Soliciting material pursuant to Rule 14a-12 under the Exchange Act (17 CFR 240.14a-12)

Pre-commencement communications pursuant to Rule 14d-2(b) under the Exchange Act (17 CFR 240.14d-2(b))

Pre-commencement communications pursuant to Rule 13e-4(c) under the Exchange Act (17 CFR 240.13e-4(c))

Securities registered pursuant to Section 12(b) of the Act:
(Title of each class)(Trading Symbol)(Name of exchange on which registered)
Common StockANGNThe Nasdaq Global Select Market
Indicate by check mark whether the registrant is an emerging growth company as defined in Rule 405 of the Securities Act of 1933 (§230.405 of this chapter) or Rule 12b-2 of the Securities Exchange Act of 1934 (§240.12b-2 of this chapter).
Emerging growth company
If an emerging growth company, indicate by check mark if the registrant has elected not to use the extended transition period for complying with any new or revised financial accounting standards provided pursuant to Section 13(a) of the Exchange Act. o



Item 3.01 Notice of Delisting or Failure to Satisfy a Continued Listing Rule or Standard; Transfer of Listing

On December 15, 2022, Angion Biomedica Corp. received a letter from the Nasdaq Listing Qualifications Staff of The Nasdaq Stock Market notifying Angion that for the last 30 consecutive business days the bid price of Angion’s common stock had closed below $1.00 per share, the minimum closing bid price required by the continued listing requirements of Nasdaq listing rule 5450(a)(1).

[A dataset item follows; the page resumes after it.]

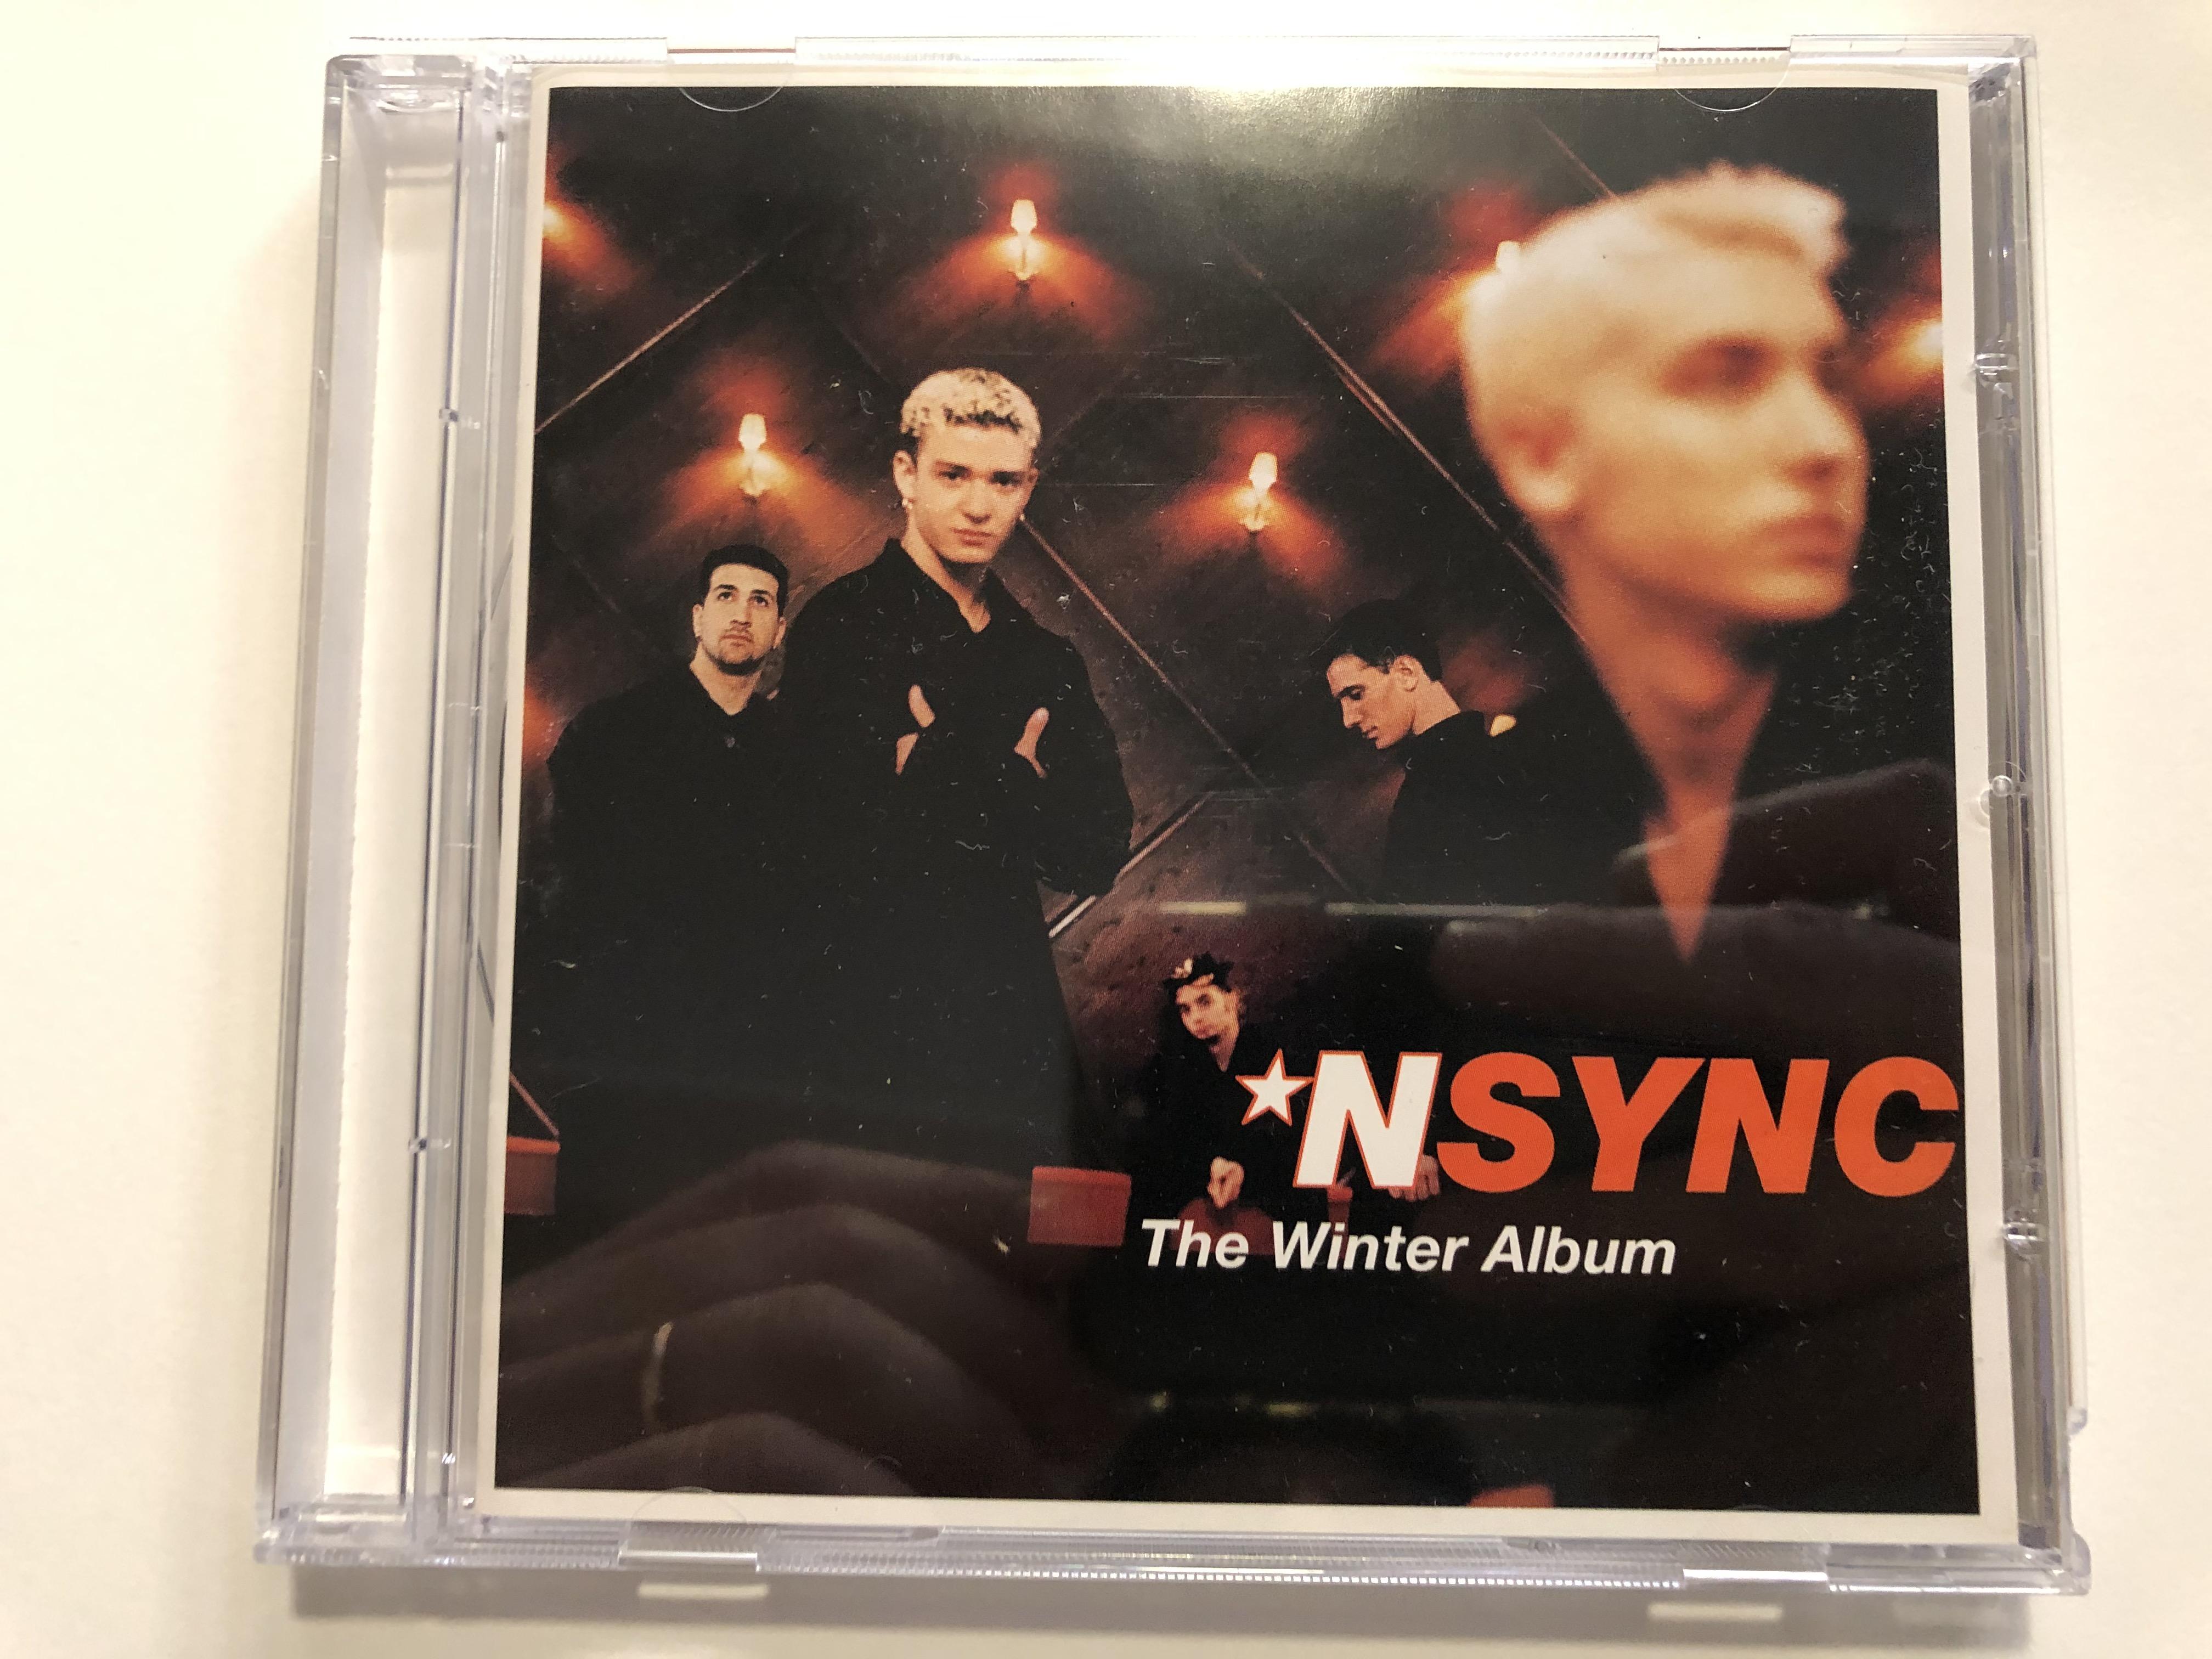 nsync-the-winter-album-bmg-audio-cd-1998-74321-58816-2-1-.jpg

The notification received has no immediate effect on the listing of Angion’s common stock on Nasdaq and Angion does not believe the notification will adversely impact its ongoing strategic realignment process, previously announced July 25, 2022. In accordance with listing rule 5810(c)(3)(A), Angion has 180 calendar days, or until June 13, 2023, to regain compliance with the minimum bid price rule. To regain compliance, the closing bid price of Angion’s common stock must be at least $1.00 per share for a minimum of ten consecutive business days before June 13, 2023.

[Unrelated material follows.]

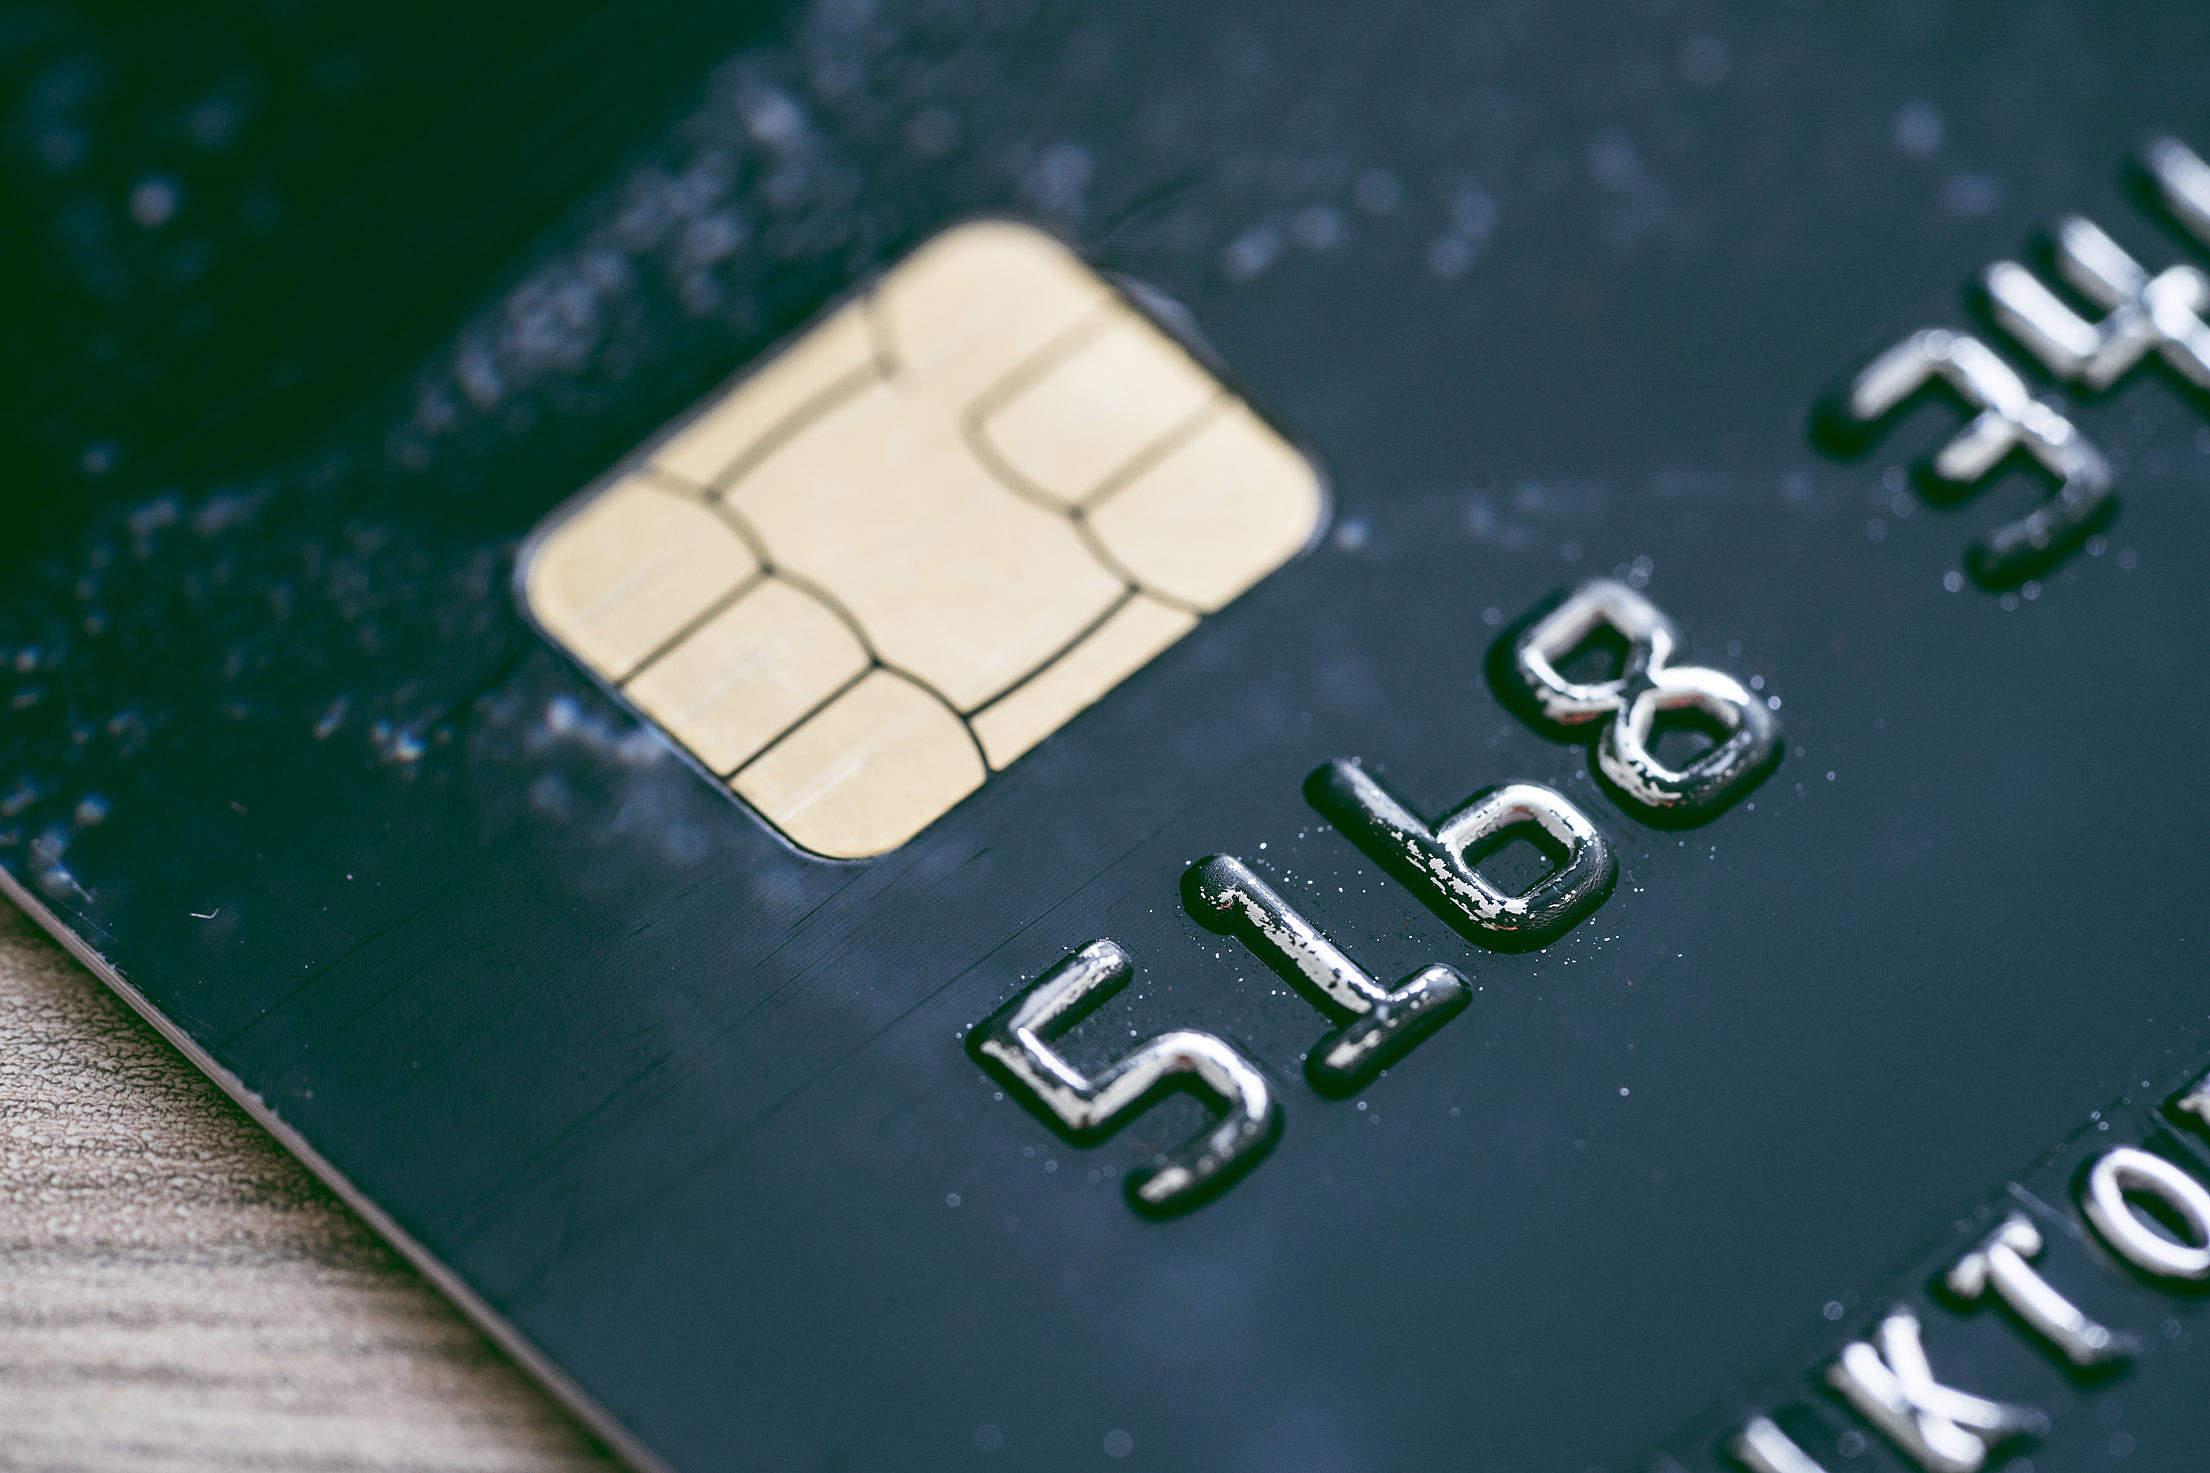 credit-bank-card-chip-close-up_free_stock_photos_picjumbo_DSC09996-2210x1473.jpg

If Angion’s common stock does not achieve compliance by June 13, 2023, Angion may be eligible for an additional 180-day period to regain compliance if it meets the continued listing requirement for market value of publicly held shares and all other initial listing standards, with the exception of the bid price requirement, and provides written notice to Nasdaq of its intention to cure the deficiency during the second compliance period by effecting a reverse stock split, if necessary. However, if it appears to the Nasdaq staff that Angion will not be able to cure the deficiency, or if Angion does not meet the other listing standards, Nasdaq could provide notice that Angion’s common stock will become subject to delisting. In the event Angion receives notice that its common stock is being delisted, Nasdaq rules permit Angion to appeal any delisting determination by the Nasdaq staff to a Hearings Panel.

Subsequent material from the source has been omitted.